No laughing matter: Colbert exit sparks fears for political satire in America
TOI correspondent from Washington: American late-night television, that unique, risque institution where presidents are mocked, celebrities flattered and the audience applauds on cue, is preparing for a funeral. After 33 years, CBS is pulling the plug on The Late Show with Stephen Colbert, with its eponymous host taking his final bow this week – ending not merely a show, but perhaps an era when comedians doubled as the political opposition.
CBS insists the decision is “purely financial,” which, as one wag remarked, may be true in the same way the Titanic had a “water management issue.” According to the network, late-night television is bleeding money in the streaming age, with younger audiences migrating to social media memes, clips, and podcasts hosted by hosts broadcasting from basements and bunkers . Advertising revenues for late-night TV have plunged dramatically in recent years even as production costs have soared.

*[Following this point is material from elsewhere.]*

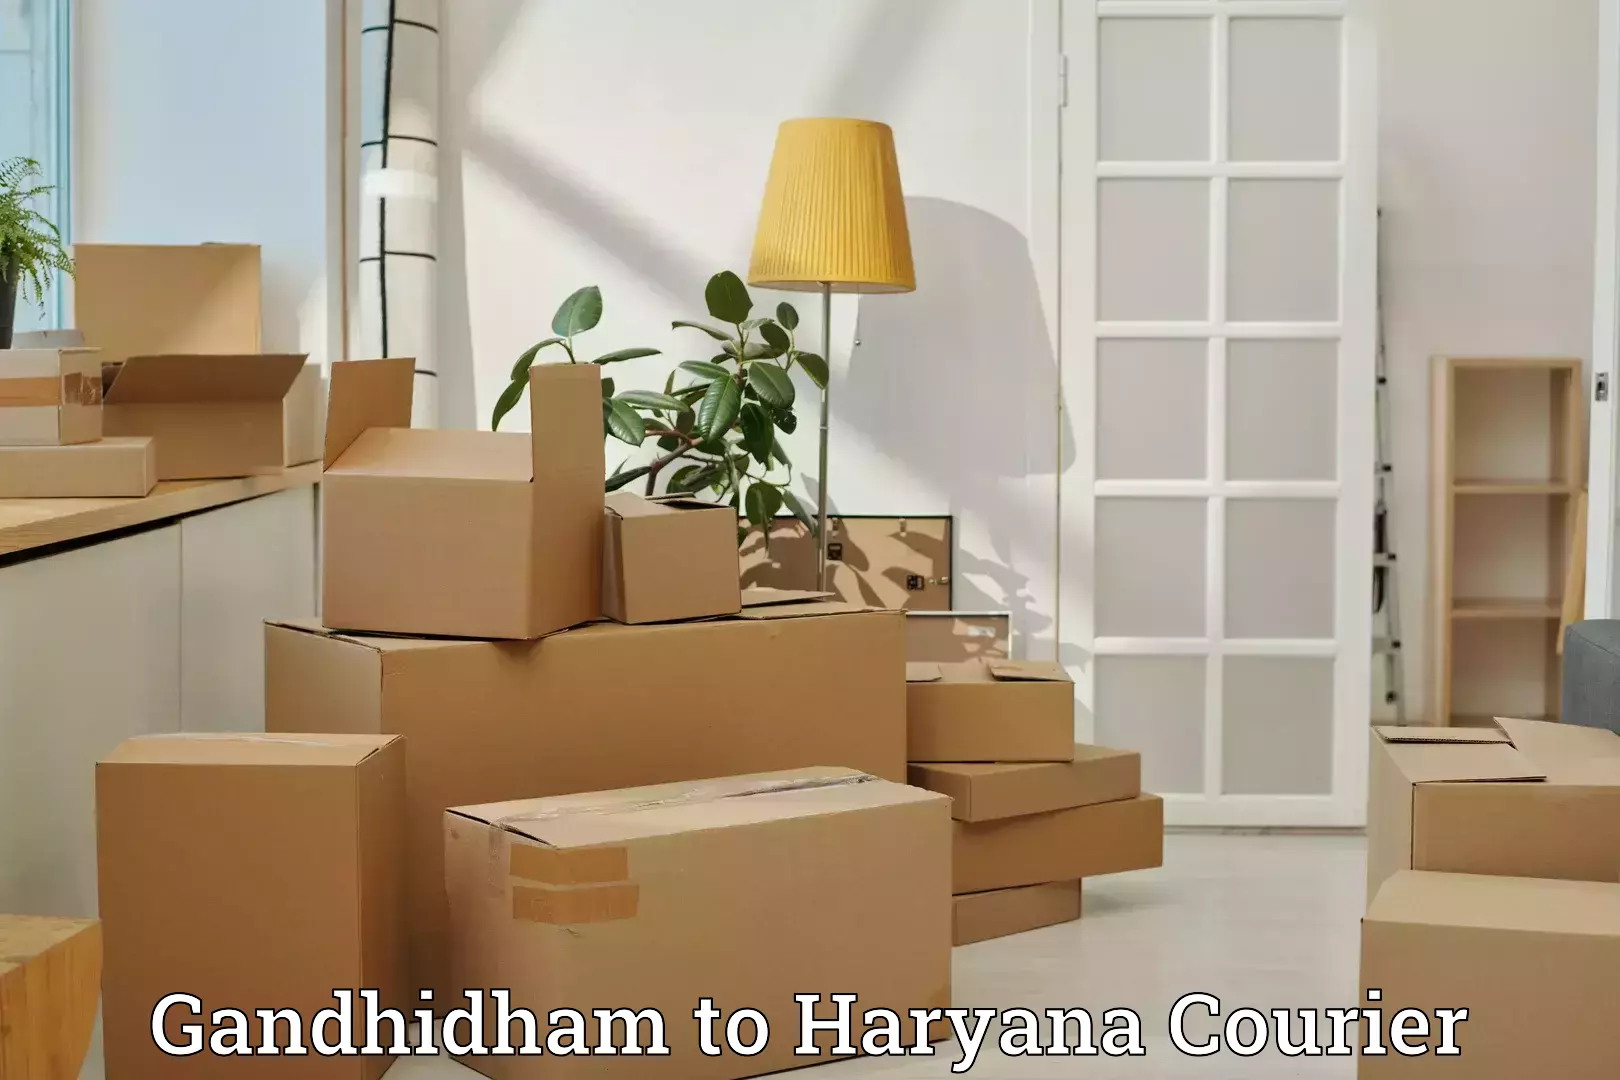 Luggage shipment tracking Gandhidham to Hansi

Yet few in America believe money alone explains the demise of the top-rated late-night franchise. Suspicion hardened after Colbert blasted Paramount Global – CBS’s parent company – for settling a lawsuit brought by President Trump, calling the payout “a big fat bribe” on air. Days later, CBS announced the show’s cancellation as Paramount sought regulatory approval for its merger with Skydance Media amid scuttlebutt that that late night shows had become politically and commercially radioactive.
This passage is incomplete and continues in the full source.